To bolster that opinion, that Trafalgar’s research is skewed, and off-kilter, Nir quoted NYT writer Nate Cohn who on July 29 wrote in part that, “…it is hard to reconcile these data with the idea that Republicans, as a group, are systematically understated. Mr. Trump’s problem wasn’t the number of people who said they voted for him last time: It was that only 86 percent of those who said they voted for him last time said they would do so again. Perhaps there’s a way the poll could have the right number of voters who said they voted for Mr. Trump last time, but not this time. It would have to be an awfully specific form of polling error.”

And the American Association for Public Opinion Research, the professional group to which public opinion and polling research professionals belong, wasn’t much help either, and pointed to “Real change in vote preference during the final week or so of the campaign,” and once again, to the fact that “some Trump voters who participated in pre-election polls did not reveal themselves as Trump voters until after the election, and they outnumbered late-revealing Clinton voters.”

And once again, the “shy” Trump voter reappears.

But in an August 17 piece for HuffPost Politics, Ariel Edwards-Levy concluded dismissively that, “Polls are neither a guaranteed forecast of what’s going to happen nor a pinpoint-precise measurement of what people think now.

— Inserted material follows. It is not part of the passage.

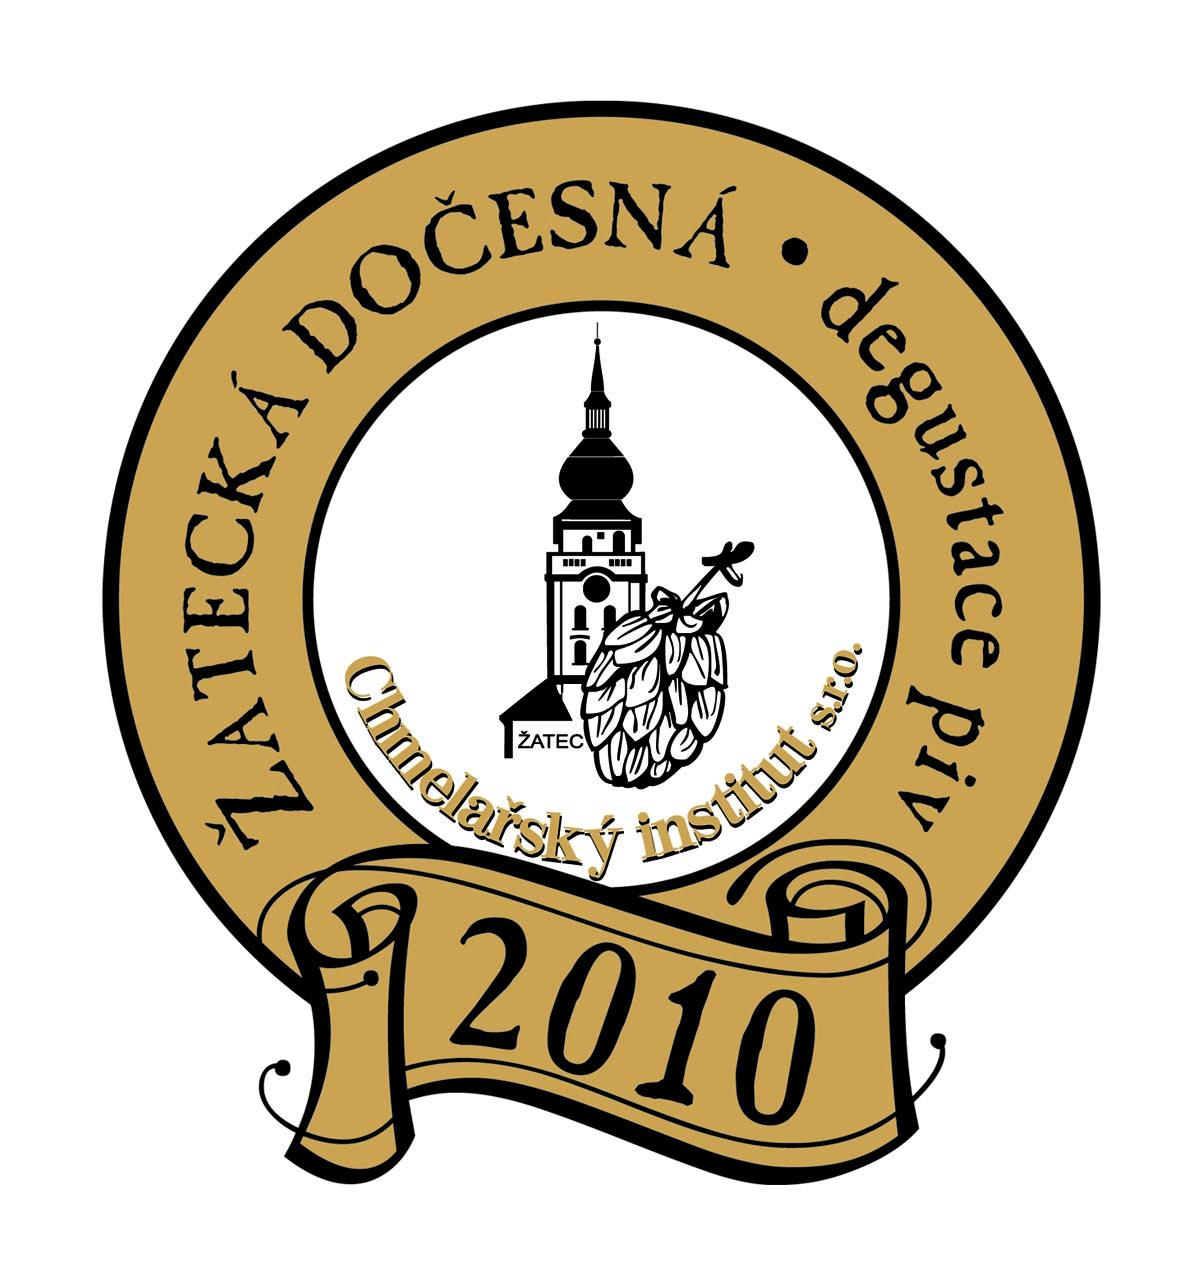 https://primator.cz/wp-content/uploads/2018/03/Dočesná-2010_logo.jpg
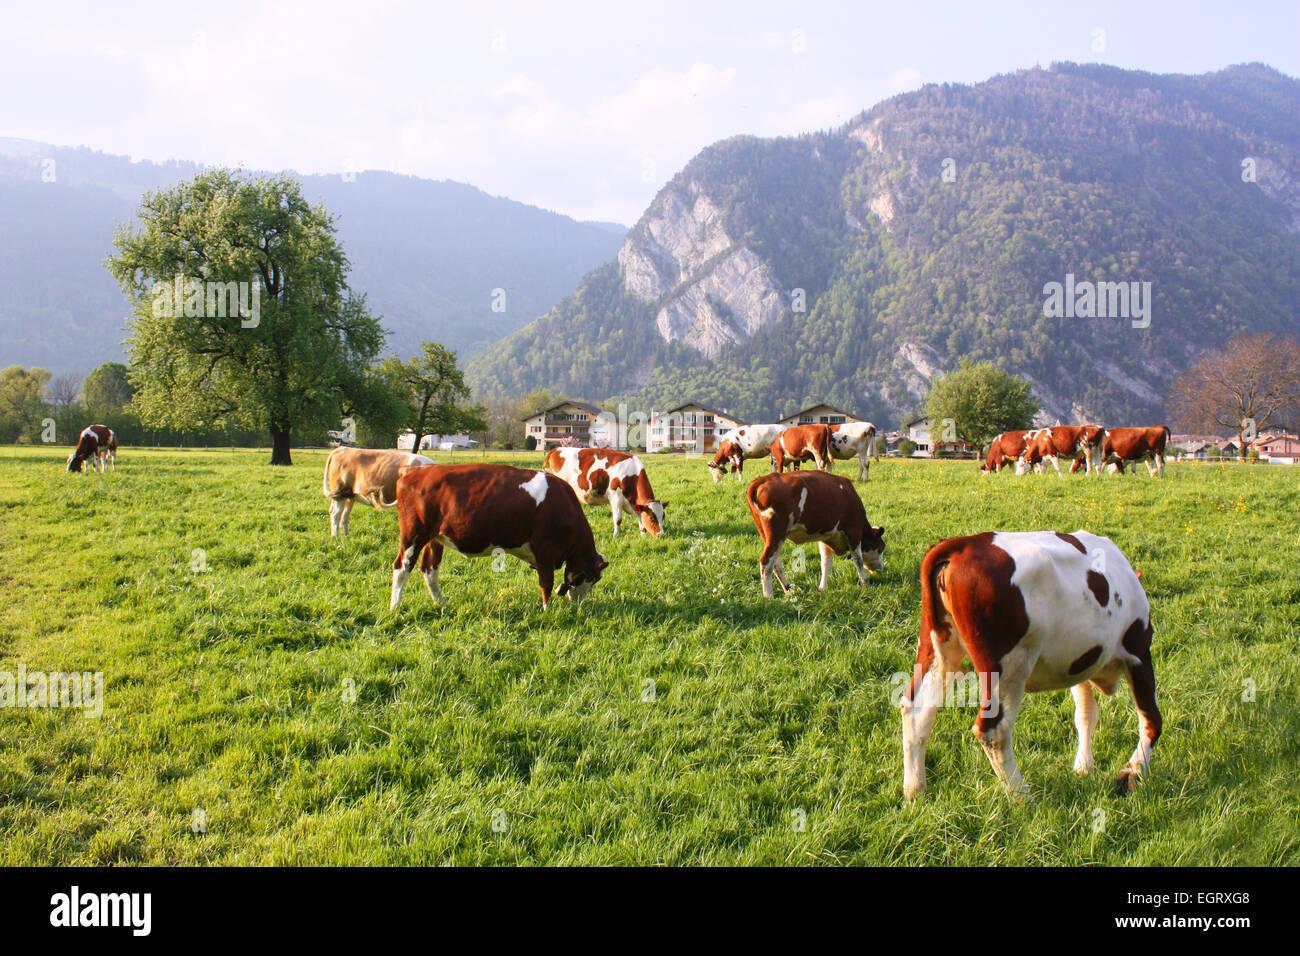 Cows grazing in a field in Switzerland Stock Photo

They are, however, a pretty good gauge for the basic state of an election at the time they’re taken. And though all surveys are inherently subject to some degree of uncertainty and error, there’s not a lot of evidence to suggest that Trump voters lying to pollsters is a major source of it.”

Maybe it’s like dinosaurs.

We know they existed, for we find their bones.

Other than that, there’s not much which we conclusively agree upon about them.